Individual participants and Teams may use automated machine learning tool(s) (“AMLT”) (e.g., Google AutoML, H2O Driverless AI, etc.) to create a Submission, provided that the participant or Team ensures that they have an appropriate license to the AMLT such that they are able to comply with the Challenge Rules.


To enter the Challenge, you (both Team Leads and Team Members) must agree to these Official Challenge Rules, which include these General Challenge Rules and incorporate by reference the provisions and content of the Challenge-Specific Rules above (collectively, the "Rules"). Please read these Rules carefully to ensure you understand and agree. You further agree that submission of an entry in the Challenge constitutes agreement to these Rules. Team Leads may not submit an entry to the Challenge and are not eligible to receive the honorarium associated with this Challenge (“Honorarium”) unless they agree to these Rules. These Rules form a binding legal agreement between you and the Challenge Host with respect to the Challenge.

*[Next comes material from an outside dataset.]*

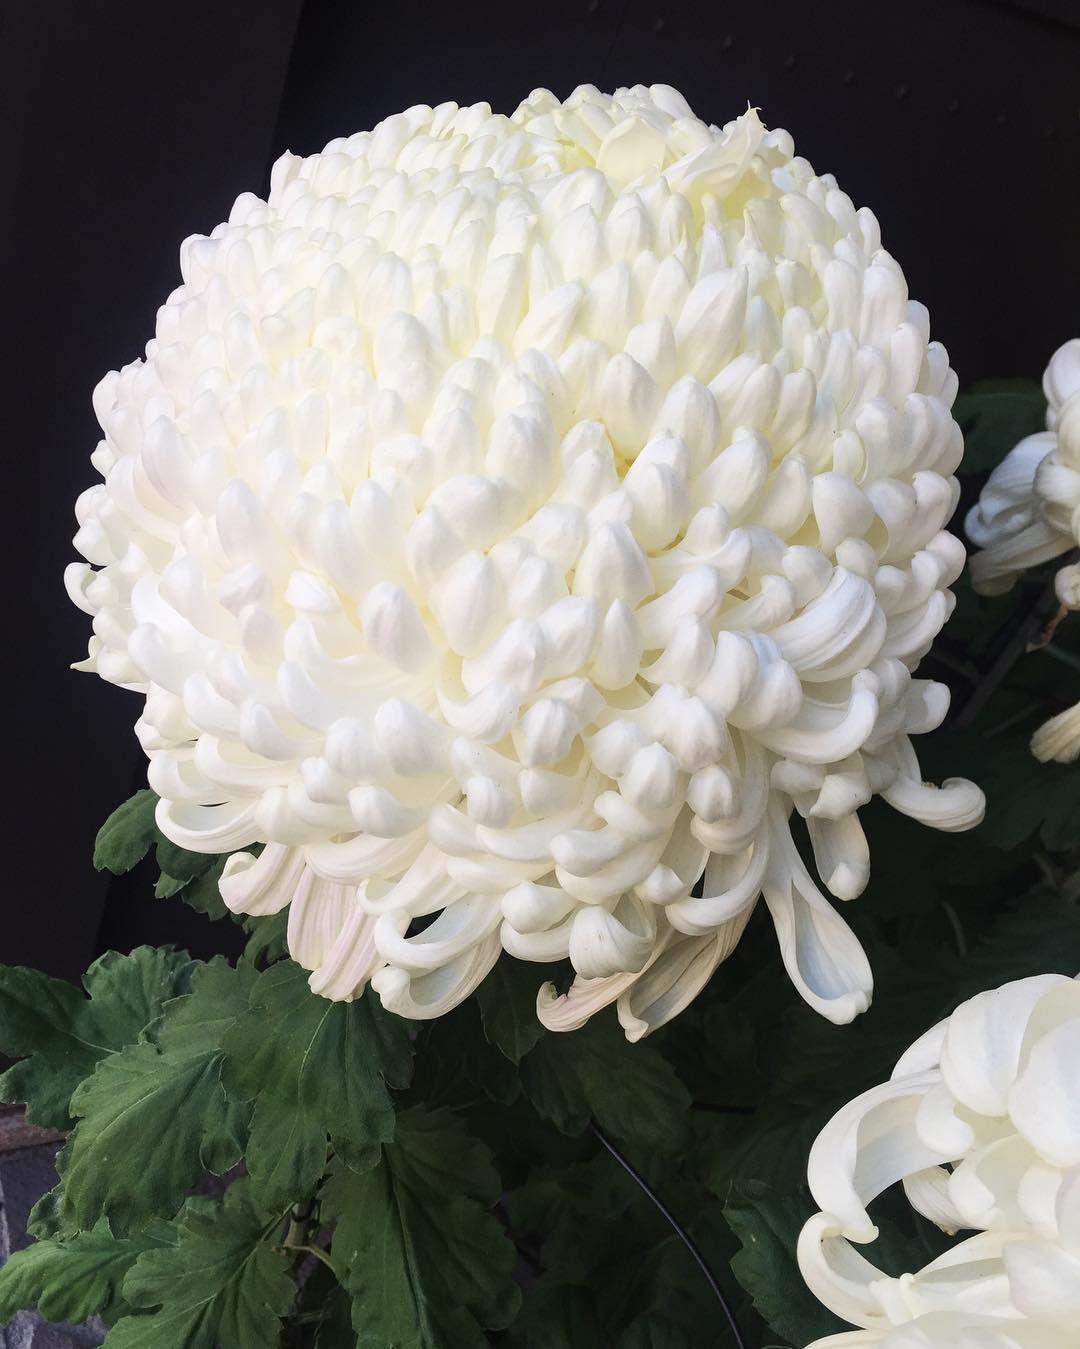 December 8th Giant Snowball Chrysanthemums Still On The Scene White Chrysanthemum Chrysanthemum Flowers

A. To be eligible to enter the Challenge, you must be:
(i) the older of 18 years old or the age of majority in your jurisdiction of residence (unless otherwise agreed to by Challenge Host and appropriate parental/guardian consents have been obtained by Challenge Host);
(ii) not a resident of Cuba, Iran, Syria, North Korea, Russia, Sudan, Syria, or the Crimea, Donetsk or Luhansk region of Ukraine; and
(iii) not a person or representative of an entity under U.S. export controls or sanctions (see

If you are entering as a representative of a company, educational institution or other legal entity, or on behalf of your employer, the Rules are binding on you, individually, and the entity you represent or are an employee. If you are acting within the scope of your employment, as an employee, contractor, or agent of another party, you warrant that such party has full knowledge of your actions and has consented thereto, including your receipt of an Honorarium (if participating as a Team Lead). You further warrant that your actions do not violate your employer's or entity's policies and procedures.

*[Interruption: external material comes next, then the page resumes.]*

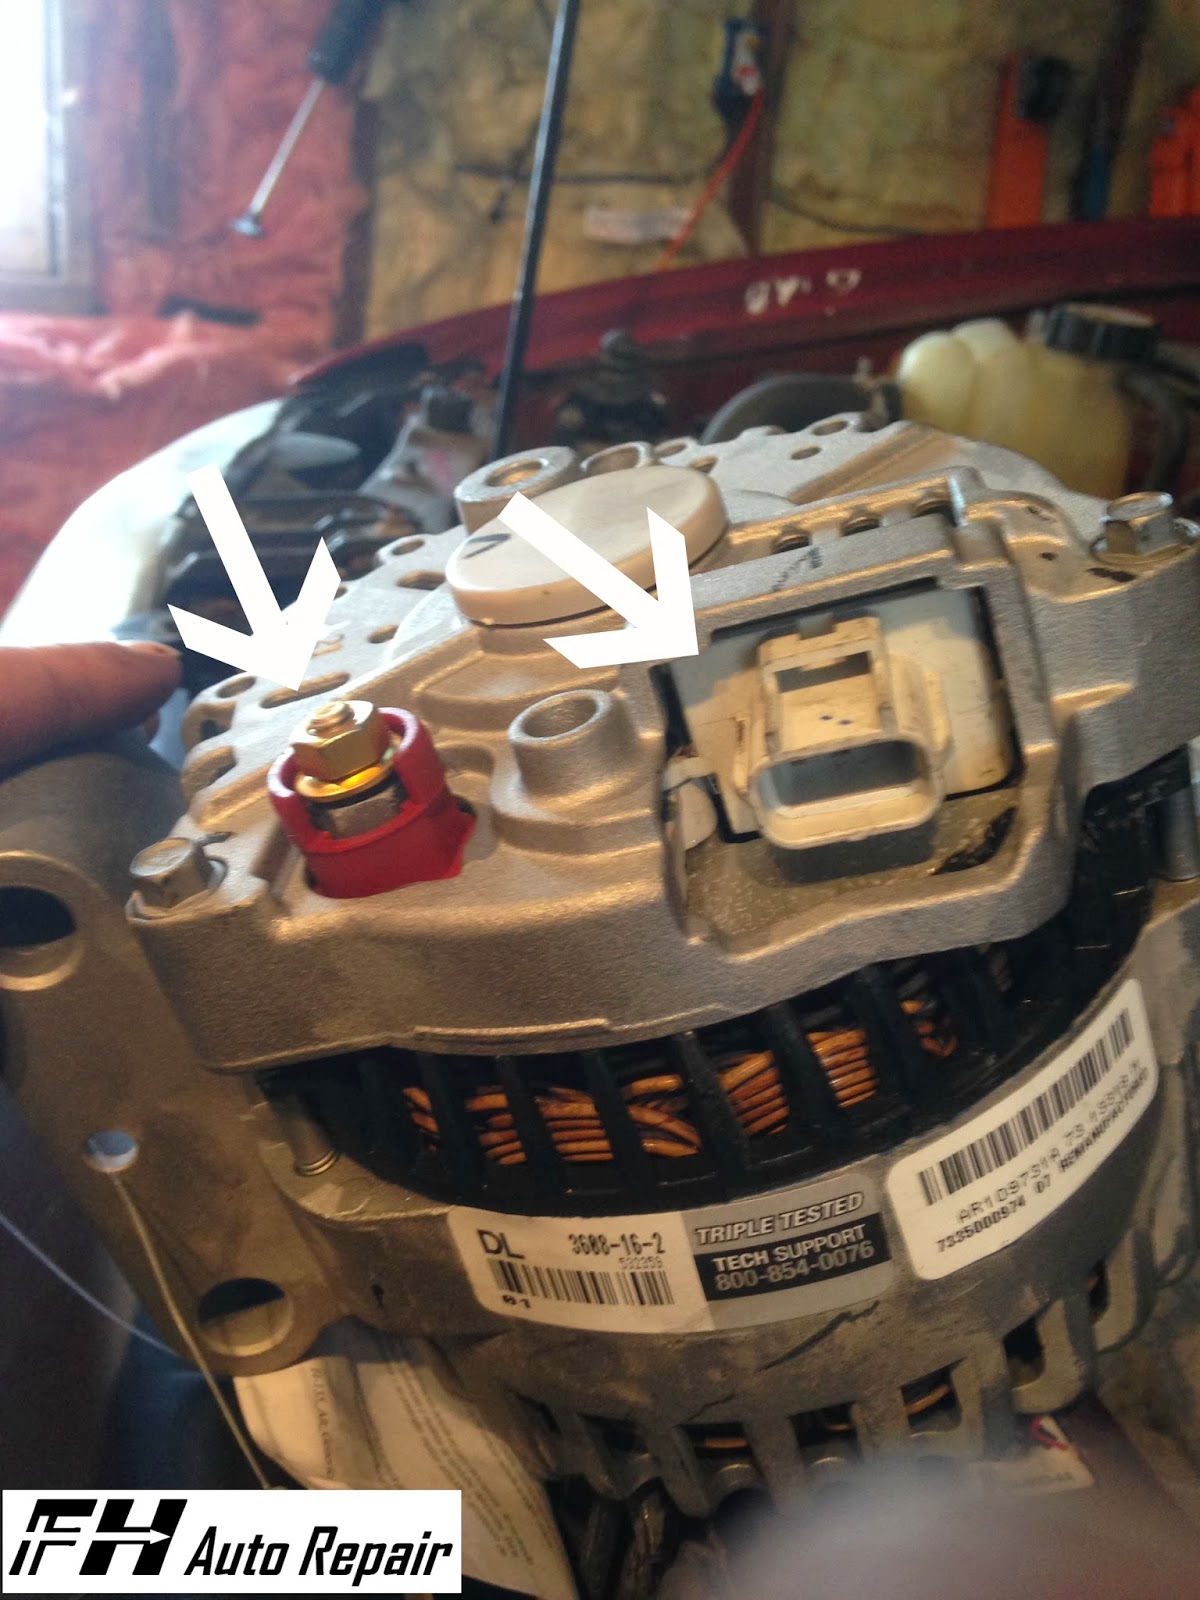 2002 ford escape alternator wiring diagram dicktator 60 2 2001 repair cost

The Challenge Host reserves the right to verify eligibility and to adjudicate on any dispute at any time. If you provide any false information relating to the Challenge concerning your identity, residency, mailing address, telephone number, email address, ownership of right, or information required for entering the Challenge, you may be immediately disqualified from the Challenge.

B. Unless otherwise stated in the Rules or prohibited by internal policies of the Challenge Entities, employees, interns, contractors, officers and directors of Challenge Entities may enter and participate in the Challenge, but are not eligible to receive the Honorarium. "Challenge Entities" means the Challenge Host, and their respective parent companies, subsidiaries and affiliates. If you are such a participant from a Challenge Entity, you are subject to all applicable internal policies of your employer with respect to your participation.


The Challenge will run from the Start Date (October 28, 2022) to the Final Submission Deadline (February 10, 2023) (such duration, the “Challenge Period”). The Challenge Period is subject to change, and Challenge Host may introduce additional hurdle deadlines during the Challenge Period. Any updated or additional deadlines will be publicized on the Challenge Website. It is your responsibility to check the Challenge Website regularly to stay informed of any deadline changes.


NO PURCHASE NECESSARY TO ENTER OR RECEIVE AN HONORARIUM (IN THE CASE OF TEAM LEADS). To participate in the Challenge as a Team Lead, you must be selected by the Challenge Host to participate as a Team Lead for a Team, and you must accept the terms of the honorarium agreement. Team Leads may choose the Team Members for his or her Team, subject to the Eligibility Requirements set forth in Section 2 of these Rules.


"Challenge Data" means the data or datasets available from the Challenge Website for the purpose of use in the Challenge, including any prototype or executable code provided on the Challenge Website. The Challenge Data will contain private and public test sets. Which data belongs to which set will not be made available to participants.

A. Data Access and Use.You may access and use the Challenge Data only for participating in the Challenge and on the official Slack channel that the Challenge Host shared. The Challenge Host reserves the right to disqualify any participant who uses the Challenge Data other than as permitted by the Challenge Website and these Rules.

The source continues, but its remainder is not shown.